"La Casa de Papel", série initialement diffusée sur la chaîne espagnole Antenna 3, est devenue un phénomène mondial depuis que Netflix a acquis ses droits en décembre 2017.

La Casa de Papel, c'est l'histoire d'une bande de malfaiteurs réalisant le casse du siècle : le braquage de la Fabrique Nationale de la Monnaie afin d'y imprimer plus de 2 milliards d'euros, avec comme mot d'ordre de le réaliser sans violence.

Les quinze épisodes de la Casa de Papel disponibles sur Netflix nous plongent au cœur de ce braquage qui dure une bonne dizaine de jours. Le tout donne un résultat haletant, parfois même épuisant, on peine presque à retrouver notre souffle à la fin du visionnage. C'est une série à suspens, avec des rebondissements dans tous les sens, au point d'en devenir franchement indigeste.

Autant se le dire, La Casa de Papel n'est pas une bonne série. Les personnages sont débiles, le scénario est grossier et nous rappelle les pires heures de Prison Break - et dans ma bouche, je peux vous assurer que ce n'est pas un compliment. 

La question que je me pose aujourd'hui est évidente : comment une série aussi mauvaise a-t-elle pu se distinguer parmi les centaines de créations proposées par Netflix ? 

Quels sont les ingrédients qui font de cette série, un phénomène ?

Pour répondre à ces questions, j'ai flâné quelques heures sur les réseaux sociaux, là où La Casa de Papel est devenu l'un des sujets les plus importants du moment [On a le sens des priorités sur les réseaux sociaux, hein]. Enfin bref, vous savez quoi ? Je crois avoir compris quelque chose.

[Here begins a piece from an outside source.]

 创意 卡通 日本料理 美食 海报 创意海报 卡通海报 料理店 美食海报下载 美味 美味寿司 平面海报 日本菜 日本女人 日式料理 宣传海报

Comme je vous le disais plus haut, cette série repose sur de nombreux rebondissements. De fait, ceux qui ont vu La Casa de Papel jusqu'au bout font partie d'un club d'initiés maîtrisant l'ensemble de l'intrigue. Les autres, ceux qui n'ont pas vu, sont de fait rejetés puisqu'ils ne comprennent rien aux multiples péripéties de cette série.

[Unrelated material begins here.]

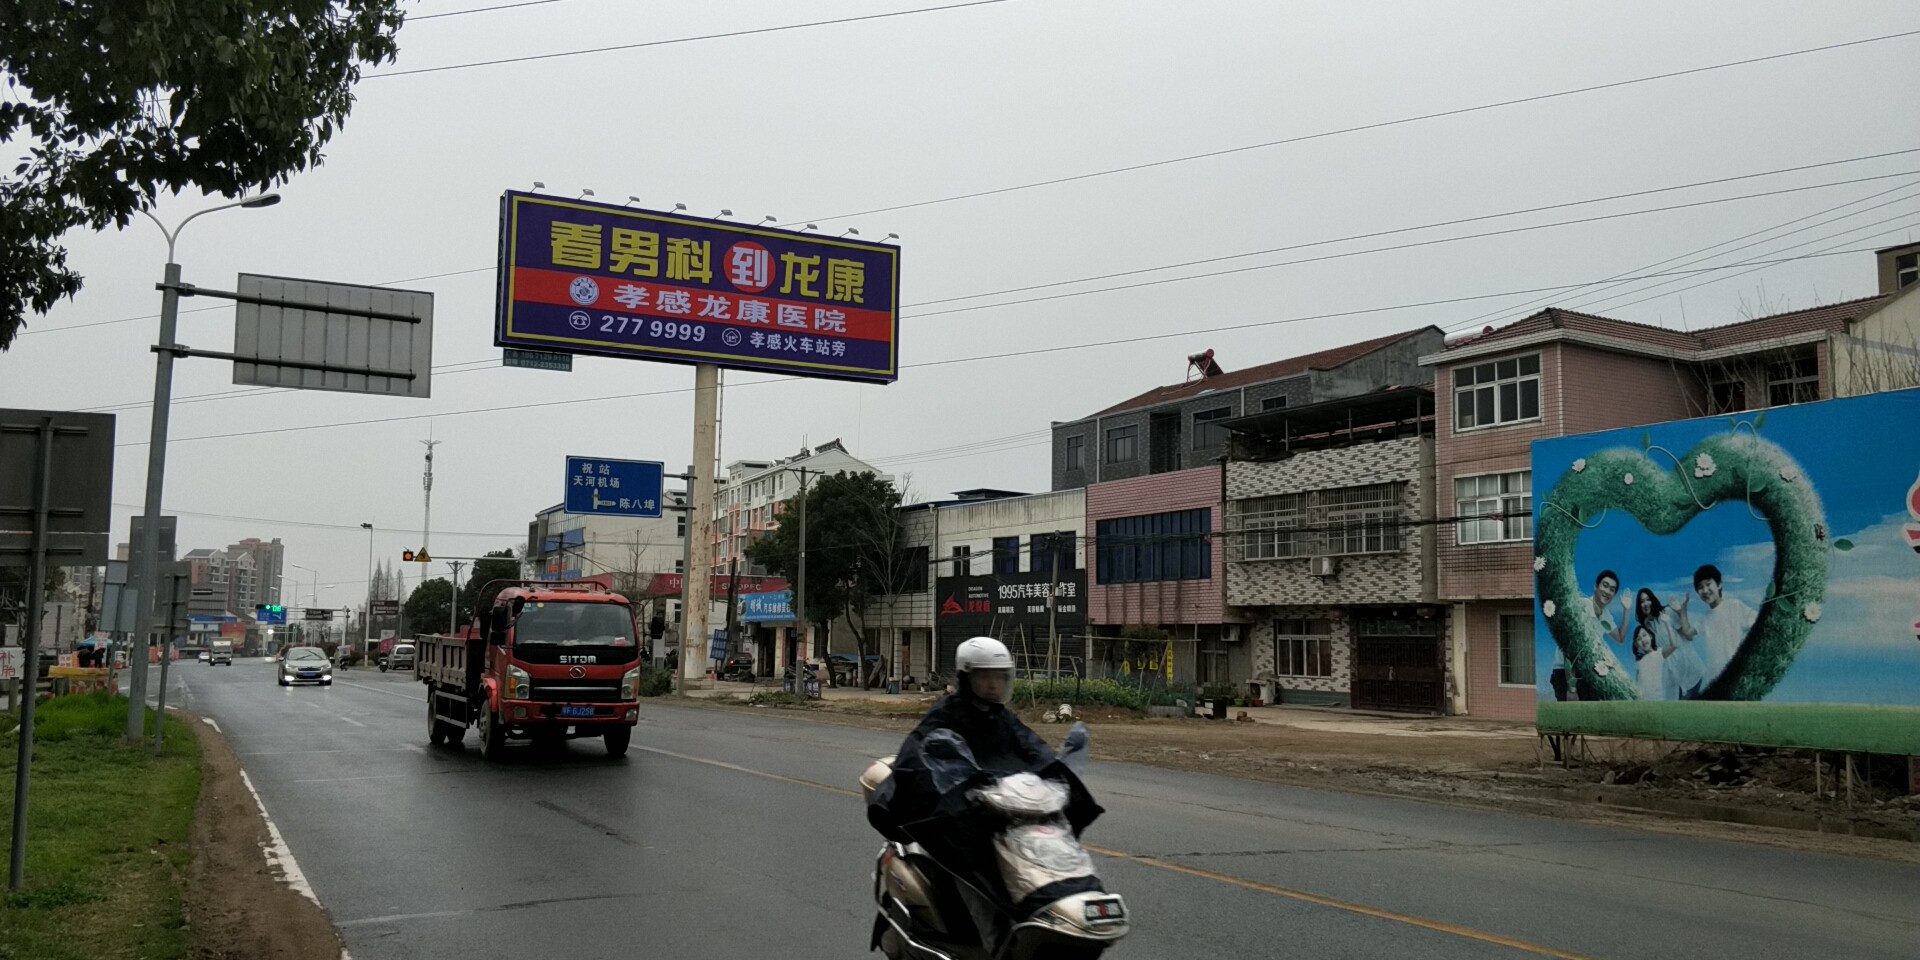 京珠高速處龍康醫院廣告牌

Le phénomène La Casa de Papel, c’est la tyrannie de la masse à l’heure de la discussion mondiale. C’est la peur de ne plus faire partie de ce grand tout que représentent les réseaux sociaux. Pour les plus jeunes d’entre nous, ne pas regarder cette série, c’est la mort sociale assurée

Ça fait flipper hein ? Alors moi ce que je vous propose, c’est de résister. Ce soir, on ne regarde pas la Casa de Papel, on éteint Netflix, on allume notre bonne vieille télé française, on zappe sur la 11 et on regarde Joséphine Ange Gardien. C’est radical, oui je sais, mais c’est le prix de la résistance.